I had just arrived and was celebrating my van’s first successful trip since I’d replaced the engine: For once, it hadn’t had to be towed to my destination.
It was the beginning of January, and the new year had dropped a blanket of snow over the Blue Ridge Mountains. I’d been thawing my toes before a wood stove because the van had no heater.
But there was no time to appreciate the irony or even grab my other shoe. With my bare hands, I frantically shoveled snow onto the flames bursting out of the engine compartment. Someone ran outside with a fire extinguisher, but it was a dud. He went back in and came out with another one that didn’t work either. Six inoperative fire extinguishers later, any hope of saving my ride — not to mention my home — was kaput.
The flames had literally consumed everything I owned, turning a splashy hippie bus into a kind of cremation chamber. Asheville’s a funny place, and the trip here had left me with nothing but ashes. Yet that’s when my van life really began — and as it turned out, I was far from alone.
Winging it
Andrea Luna and Mary Beth Desjardins sip their drinks on the patio at Edna’s, carrying on a seemingly normal discussion of their business plans while a Catalina macaw rests peacefully on Luna’s shoulder and a pigeon sits on Desjardins’ leg. Customers and passers-by at the Merrimon Avenue coffeehouse do a double take, wanting to make sure they’re indeed seeing two beautiful birds perched on two attractive women.

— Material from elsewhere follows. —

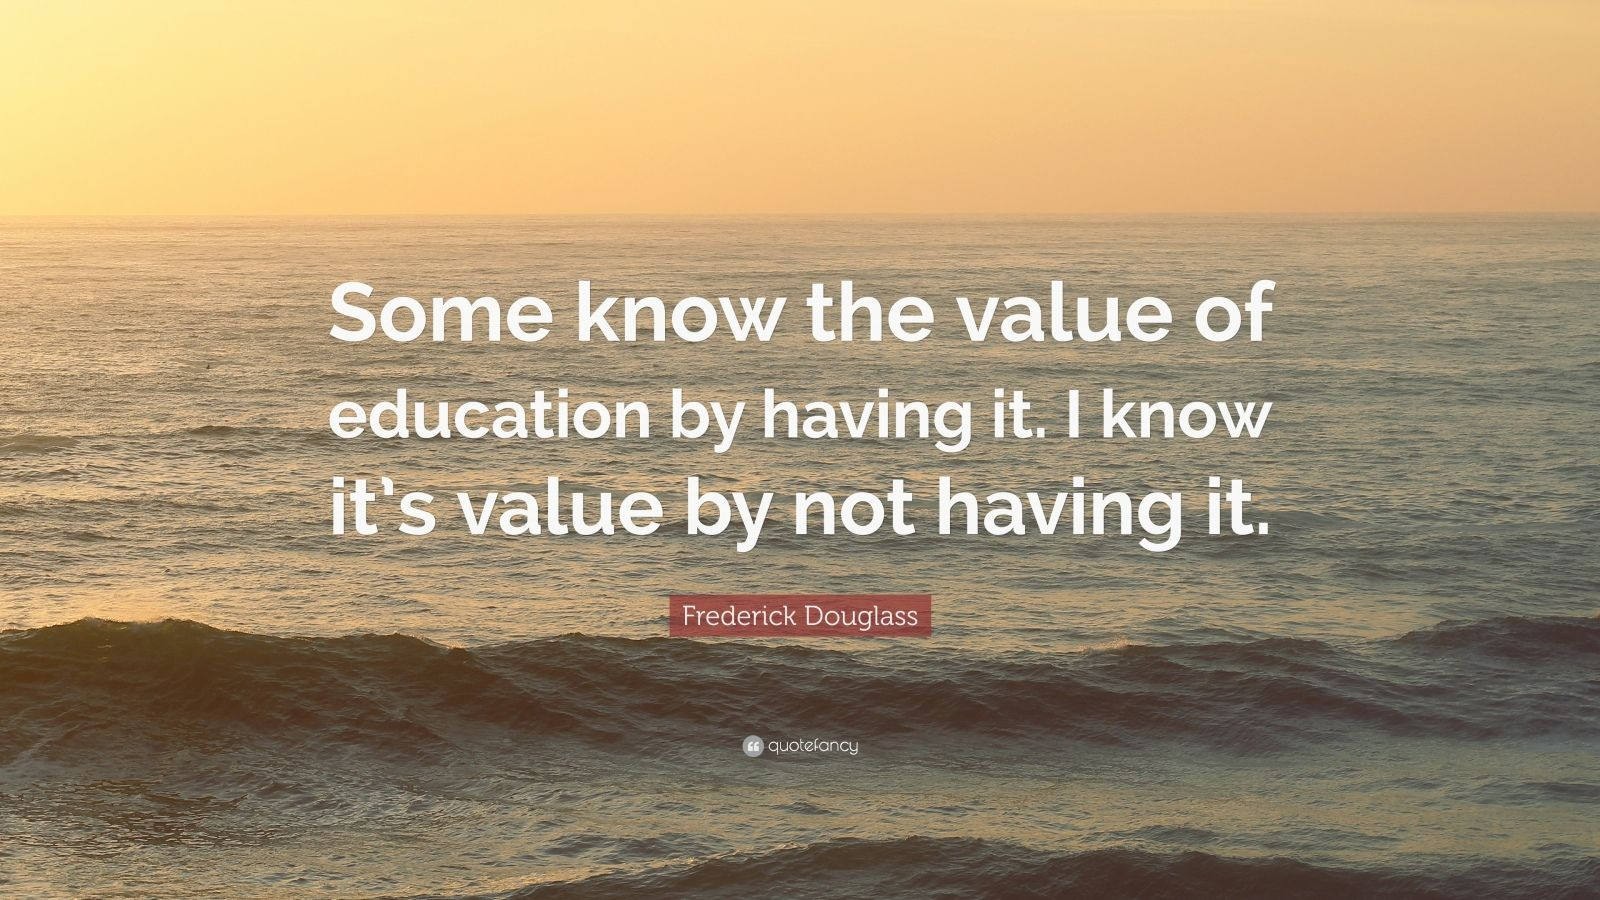 Frederick Douglass Education Quotes
 Frederick Douglass Quote “Some know the value of

These artists are brainstorming ways to make traveling — as often and as far as possible — a top priority in their lives. The goal, they say, is to figure out how to make a living without the geographical constraints a conventional career often entails. For now, however, “The Bird Girls” (as they’re known around town) have set up a temporary home base in Asheville. They recently bought an old school bus that they intend to turn into a mobile living and working space in support of their new life as “The Lunar Ladybirds.”
“We like it here,” says Luna, praising the area’s creative vibe, vibrant arts districts and one-of-a-kind characters.
Elsewhere in town, “Mr. Wolf,” as he prefers to be called, is living and working out of his van. He visited Asheville four years ago, and it made such an impression that he decided to move here from Maine a year later. It was partly to escape the seasonal affective disorder he’d experienced during the long New England winters. But for a van-lifer, the Blue Ridge Parkway also proved to be a draw, he says. “It’s a wonderful thing to wake up and stand in your underwear overlooking the mountains.”
The call of the road
In Asheville, Mr. Wolf got a job in a bar downtown, found a place to stay and saved up $1,500 to buy a 1995 Chevrolet G10 van. He spent another $3,500 converting it into a camper/mobile work studio and “started a T-shirt company out of my van.” Living the van life in Asheville isn’t hard, he reports. “If you can’t get a secure place downtown, or are told to move along, some larger businesses allow parking overnight.” And at least for the time being, Mr. Wolf’s day job is keeping him here.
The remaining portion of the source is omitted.